Adaptive headlights aren't yet standard equipment on most cars. In fact, only a few companies even offer them as options. BMW offers optional adaptive headlights on all models, while 335, 535, 7-series and M-series include them as standard equipment. Renault offers them as an option on some models, and the 2006 Volkswagen Passat includes them in the optional Luxury Package. Lexus, Audi and many high-end manufacturers also offer adaptive headlight packages.
Headlights of the Future
Auto designers are developing several innovations in headlight technology that should appear on production models in the next few years. Adaptive brake lights will allow you to see more than just the car in front of you applying the brakes. You'll also know how hard the driver is applying the brakes, giving you a good indication of trouble ahead or how much you yourself need to slow down. These brake systems will light up like normal brake lights under normal braking conditions. However, when someone presses on the brakes hard to make a more sudden stop, the brake lights shine more brightly. The lighting is progressive -- when someone really stomps on the brakes, the very brightest brake light comes on, while lesser degrees of braking force result in brightness in between "normal" and "full stop."
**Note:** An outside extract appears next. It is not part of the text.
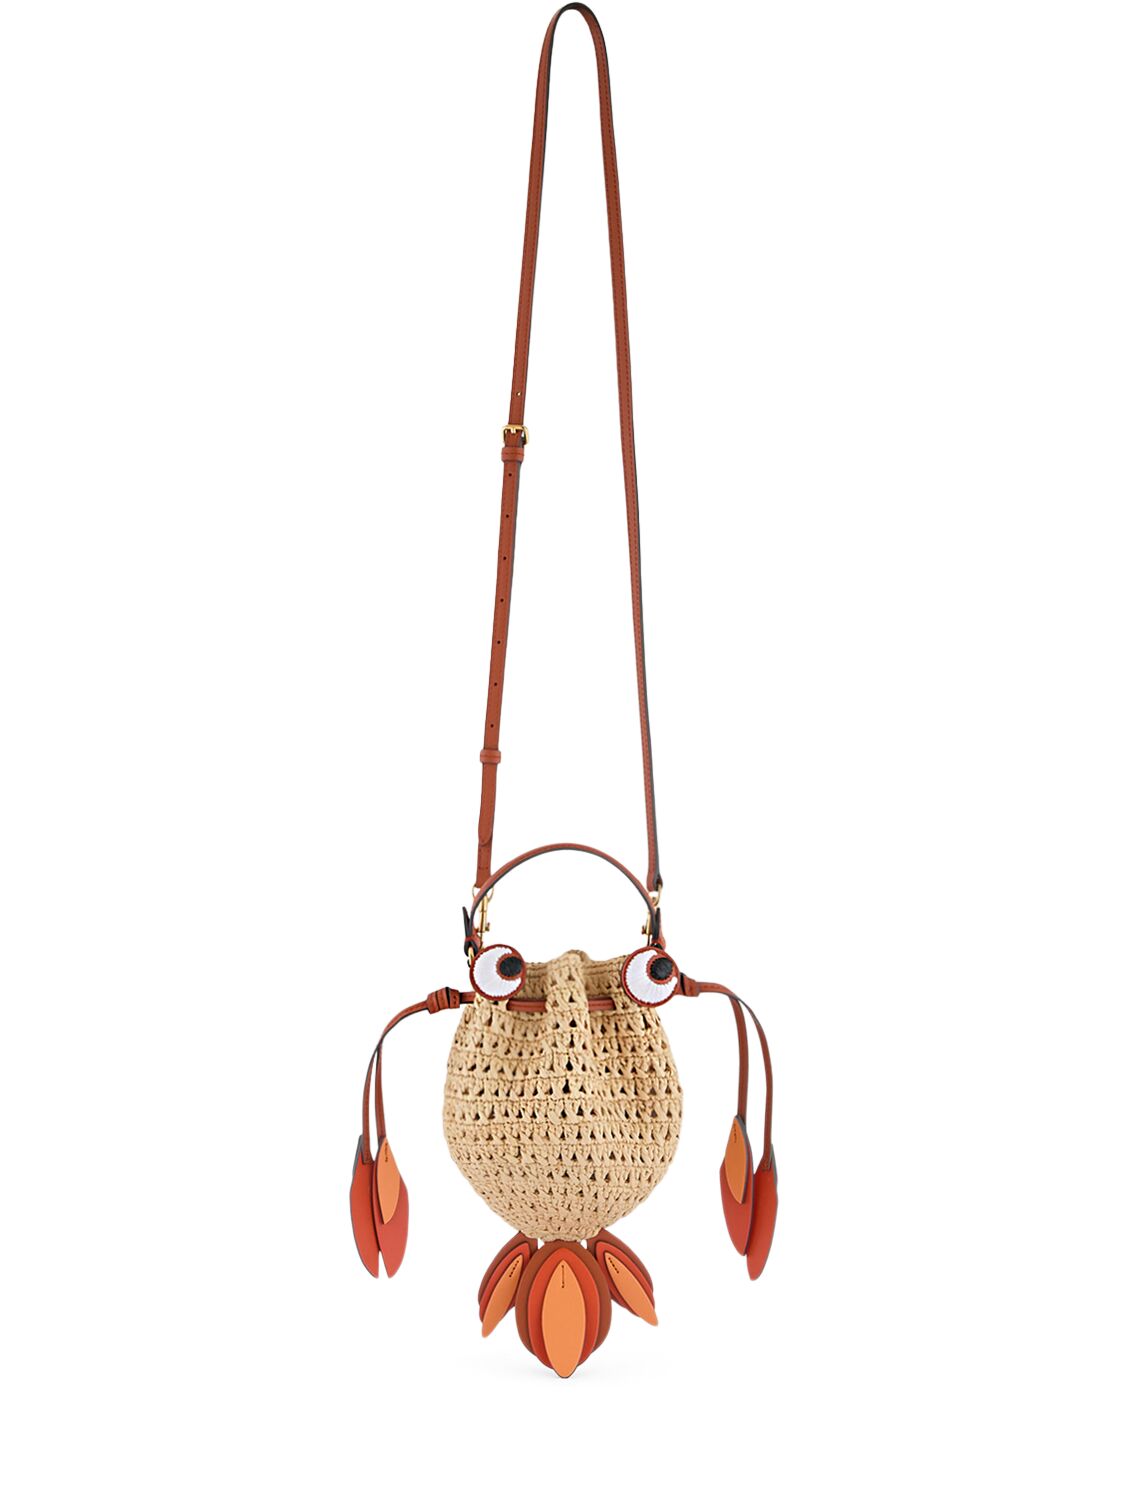 Anya Hindmarch Goldfish Raffia & Smooth Leather Bag In Natural,clement

Single-source fiber-optic lights could revolutionize auto lighting by allowing for a wider variety of lighting options and optimal lighting configurations. A single-source system uses one light located somewhere in the inner workings of the car. Fiber-optic strands then carry the light to wherever it's needed. Instead of two headlights, a car could have a wide light-emitting pattern on the front. The fiber optics could be manipulated by small motors to allow even more versatile adaptive lighting. The drawback for the time being is that the fiber optics lose a lot of the light's intensity as they carry it, so a very bright single-source is needed [source: Smart Motorist].